Election results indicate that boycotting groups will not find the commitment and willingness to trigger a showdown with the authorities

Gulf News

The new parliament in Kuwait may offer the country a chance of more stable government after a gruelling period when there have been 13 governments in only seven years and three parliaments in only 17 months. This week’s parliamentary elections made the radicals lose out slightly to the liberals, resulting in a parliament that looks set to be more willing to work with the government appointed by the ruler.

The Liberals had no seats in the previous 50-seat parliament and they won at least three this time; while Sunni Islamists increased their score from five to seven seats; and tribal groups maintained their substantial position with 24 seats. The Shiite candidates were the big losers as their total fell to eight, from a record 17 in the previous parliament. The cabinet resigned as required by the constitution after any election and a new government will be appointed probably retaining the outgoing prime minister, Shaikh Jaber Mubarak Al Sabah. But after years of continual political crisis since 2006, the political process in Kuwait has a sense of exhausted resignation, which will make it hard for the groups which boycotted the election to build momentum for their viewpoint.

The boycotting groups included the Muslim Brotherhood and some prominent tribal figures and they will likely generate popular fury outside parliament. They will also try to challenge the parliament’s constitutional legitimacy in the courts, which seems less likely to agree to entertain such challenges to this parliament after ruling in favour of changes to the electoral law last month.

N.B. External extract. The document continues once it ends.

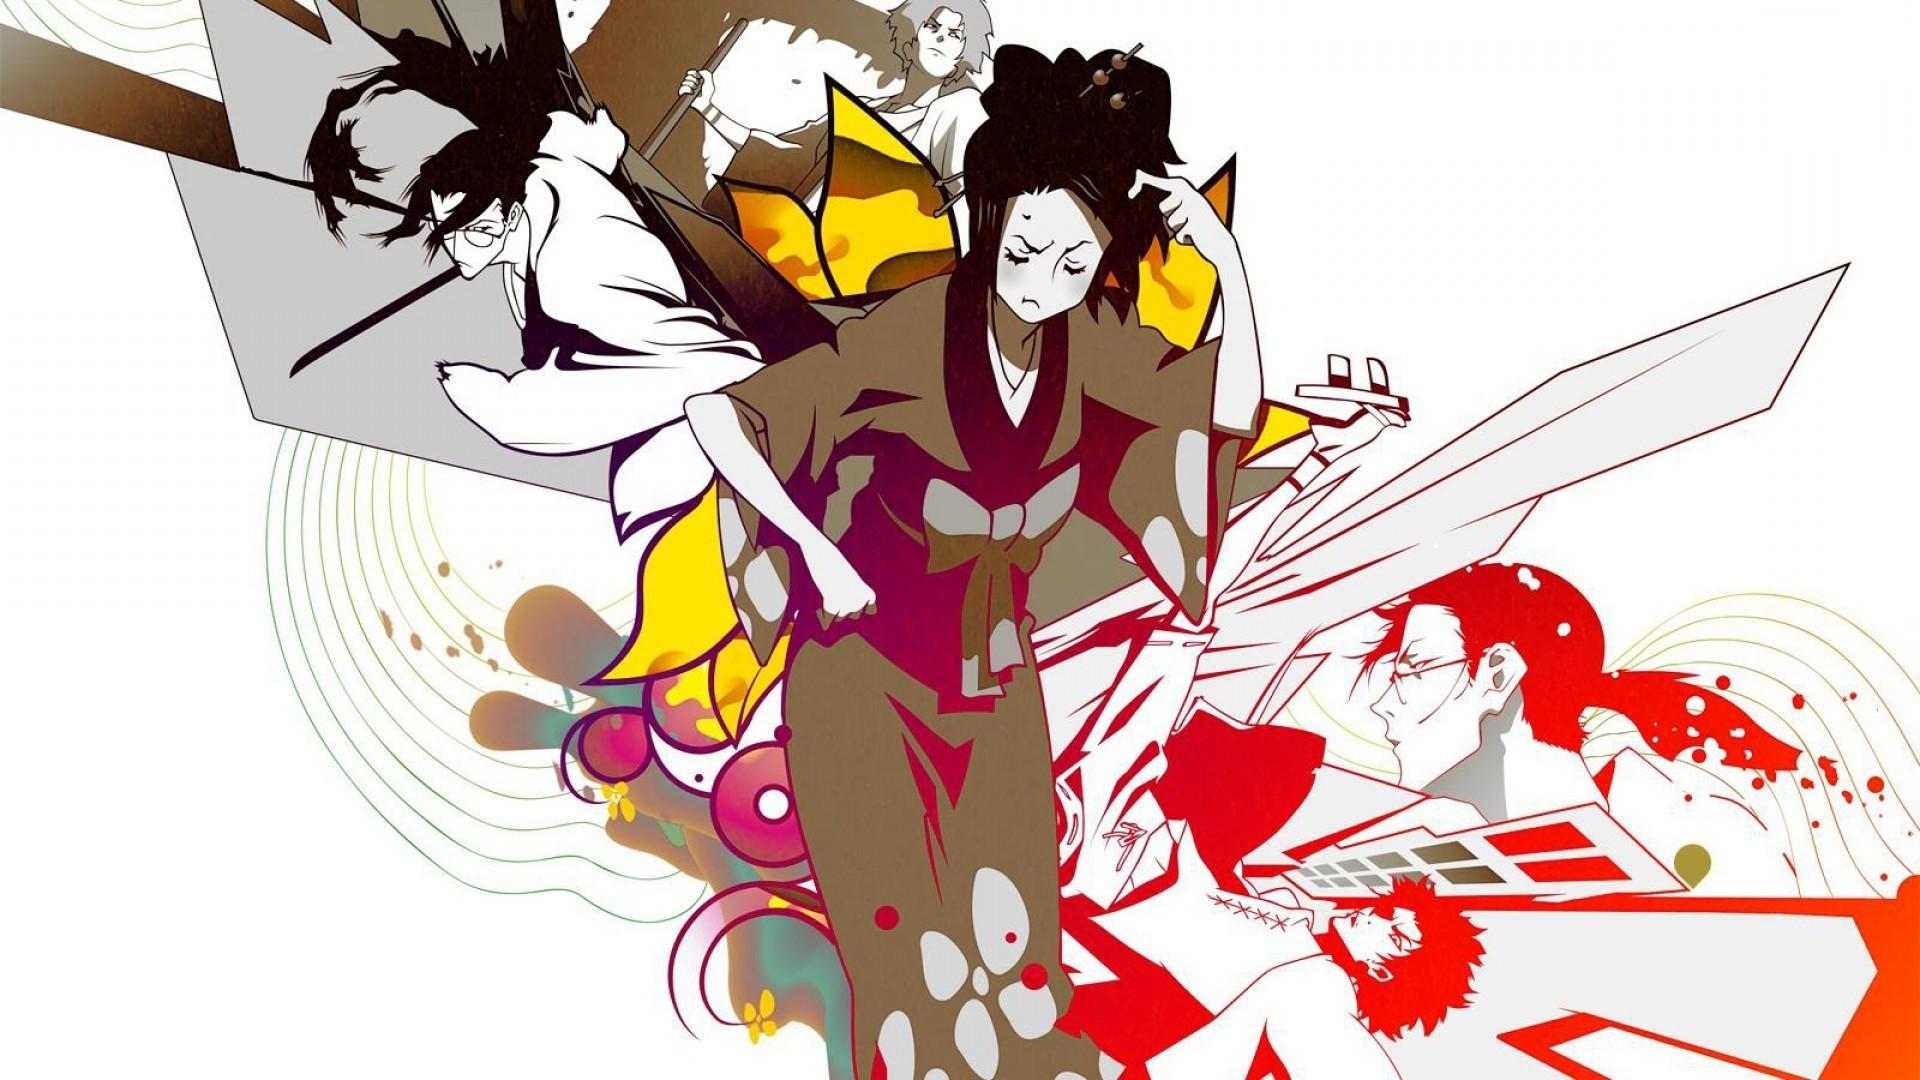 Res: 1920x1080, anime, Samurai Champloo, Fuu, Mugen, Jin (Samurai Champloo) Wallpapers HD /  Desktop and Mobile Backgrounds
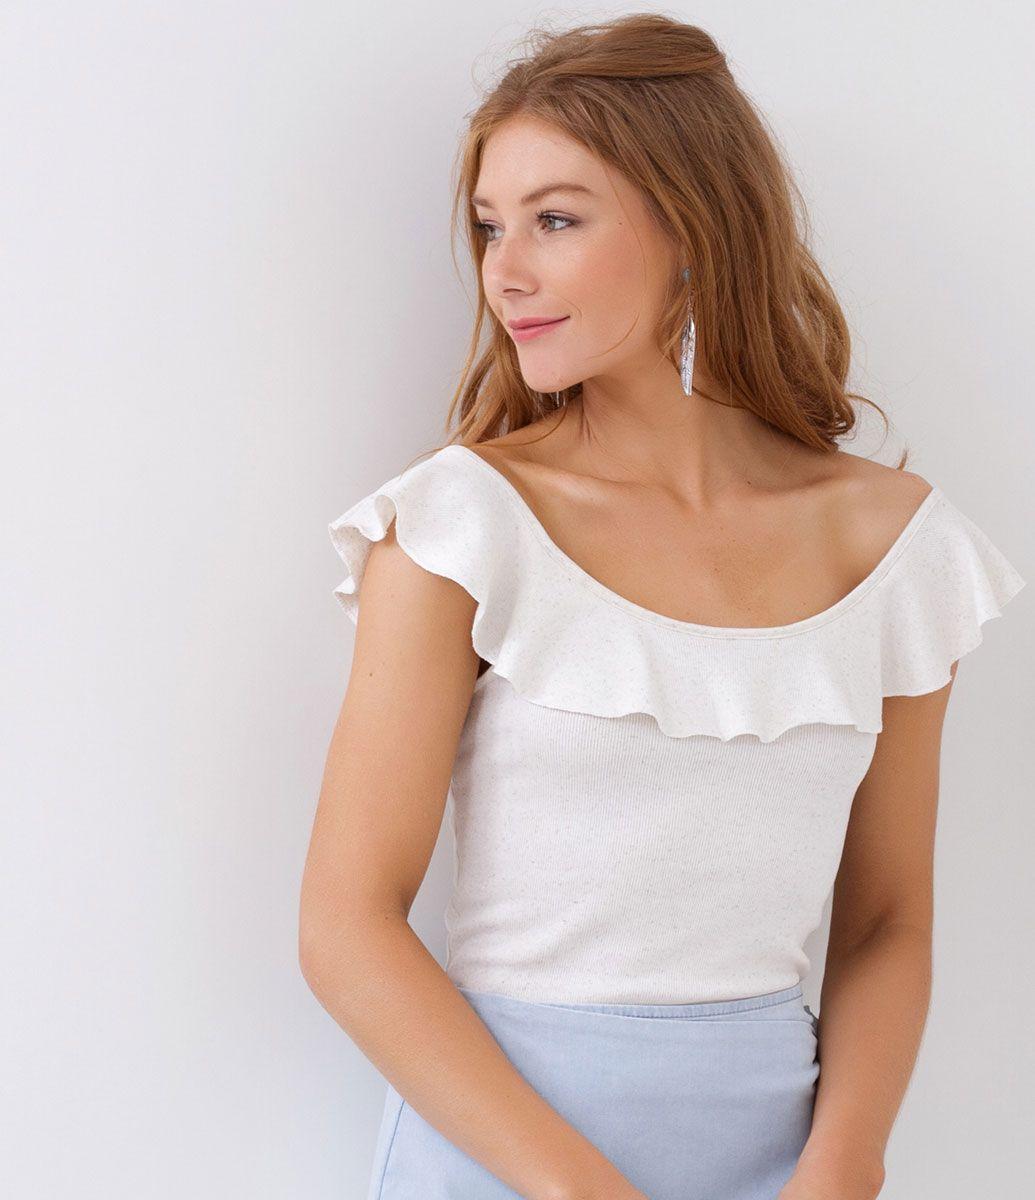 e24326f536 Blusa feminina Modelo ombro a ombro Com babado Manga curta Marca  Blue  Steel Tecido

The boycotting groups want to campaign for fundamental constitutional changes, but since they refused to take part in the polls, they will have to rely on support from people on the street. After years of continual crisis, this election result is a small indication that they will not find the commitment and willingness to trigger a showdown with the authorities. It is also important that the boycott was not absolute and some opposition figures won seats in the parliament.